Now let’s talk about authority, the fifth principle.
Studies show that people really do defer to experts.
Don’t assume your expertise is self-evident, though.
You must make an effort to establish it.
It’s easy to assume people know you’re the expert, but you can’t be sure unless you tell them, either directly or indirectly.
Take, for example, physical therapists in a hospital. In one study, they assumed that stroke patients would take their advice about the importance of regular home exercise. But as it turned out, many patients were abandoning the routines when they left the hospital.
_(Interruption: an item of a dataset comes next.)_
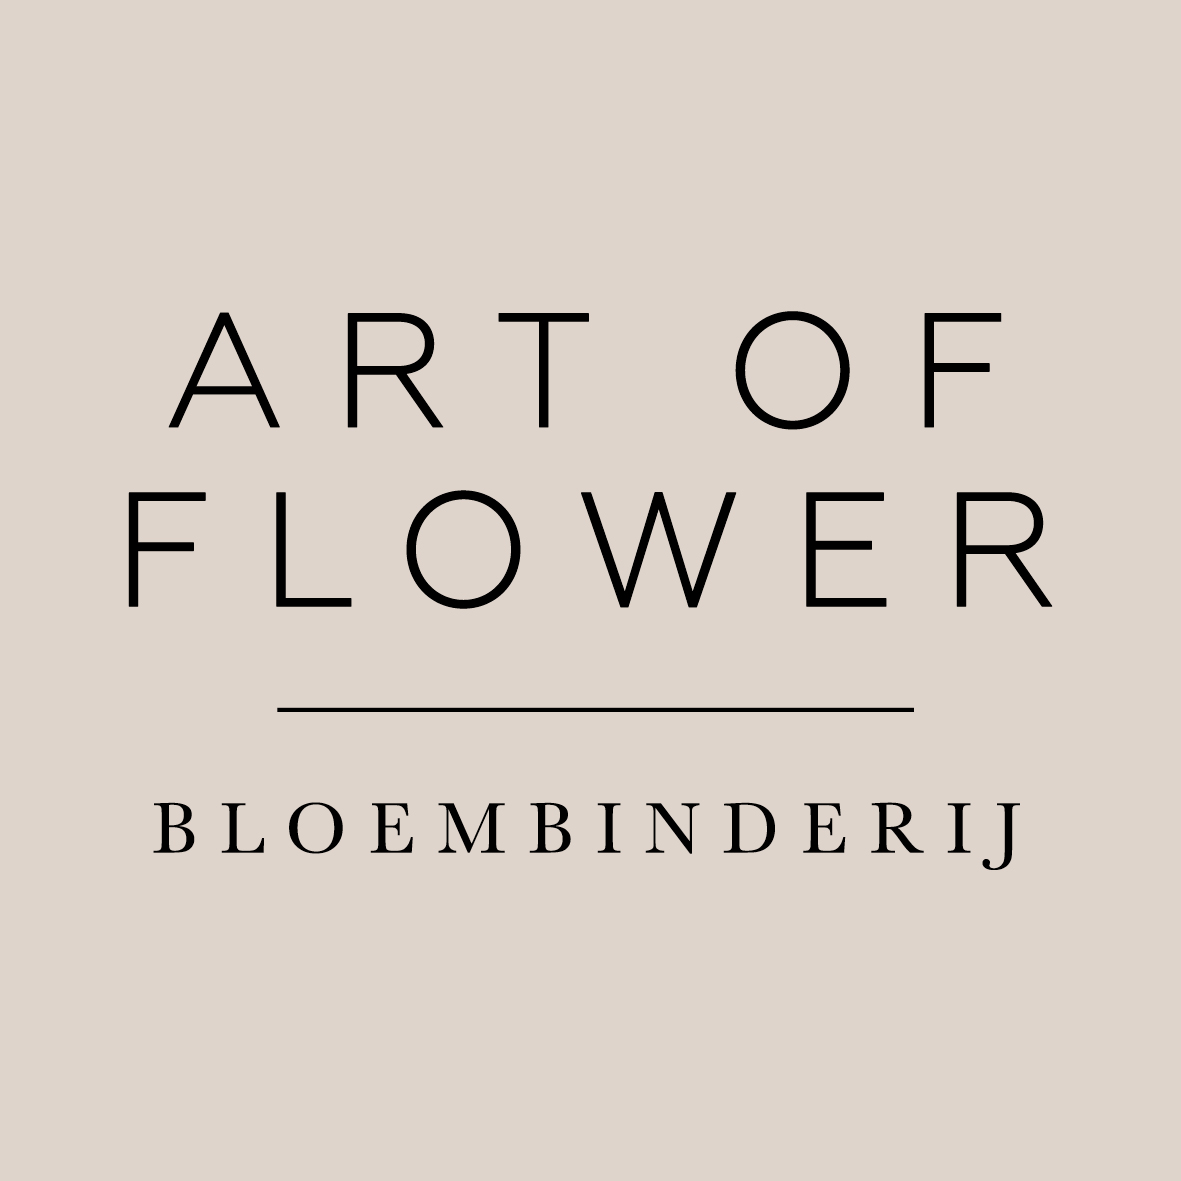 Art of flower

Interviews revealed that the patients didn’t know much about the physical therapists’ training and credentials.
A simple change—displaying the therapists’ awards, diplomas, and certifications in the therapy rooms—increased compliance by 34%.
Because the patients then saw the physical therapists as experts, the patients were more likely to follow the therapists’ directions.
The last principle is scarcity.
People want more of a commodity when it’s less available.
Study after study shows that items and opportunities are deemed more valuable if they become scarce.
This means that exclusive information is more persuasive than widely available data. In the same way, unique benefits are more appealing than those that are available to everyone.
Managers can learn from retailers when it comes to using scarcity to persuade.
A study of wholesale beef buyers showed that they doubled their orders when they were told there was likely to be a scarcity of foreign beef in the near future because of weather conditions overseas.
And their orders increased 600% when they were told that no one else had that information yet.
Managers can similarly use the power of exclusivity by sharing information with key players before sharing it more broadly.
Use these six principles of persuasion judiciously and ethically.
Manipulating colleagues into compliance—for example, by overstating your expertise or implying buy-in that doesn’t really exist—will work only in the short run, if at all.
When deception is detected, you will destroy your ability to persuade and will very likely turn people against you.
While these principles are each important in their own right, they are most powerful when combined.
For example, while you’re showing your dinner companion that you have the skills and experience your business problem demands, you can also learn about his or her background, likes, and dislikes—information that will help you identify genuine similarities and give sincere compliments. And if you succeed in bringing that person on board, you may encourage other people to sign on as well, thanks to the power of social proof.
Used in concert, these six principles will help you capture an audience, sway the undecided, and convert the opposition.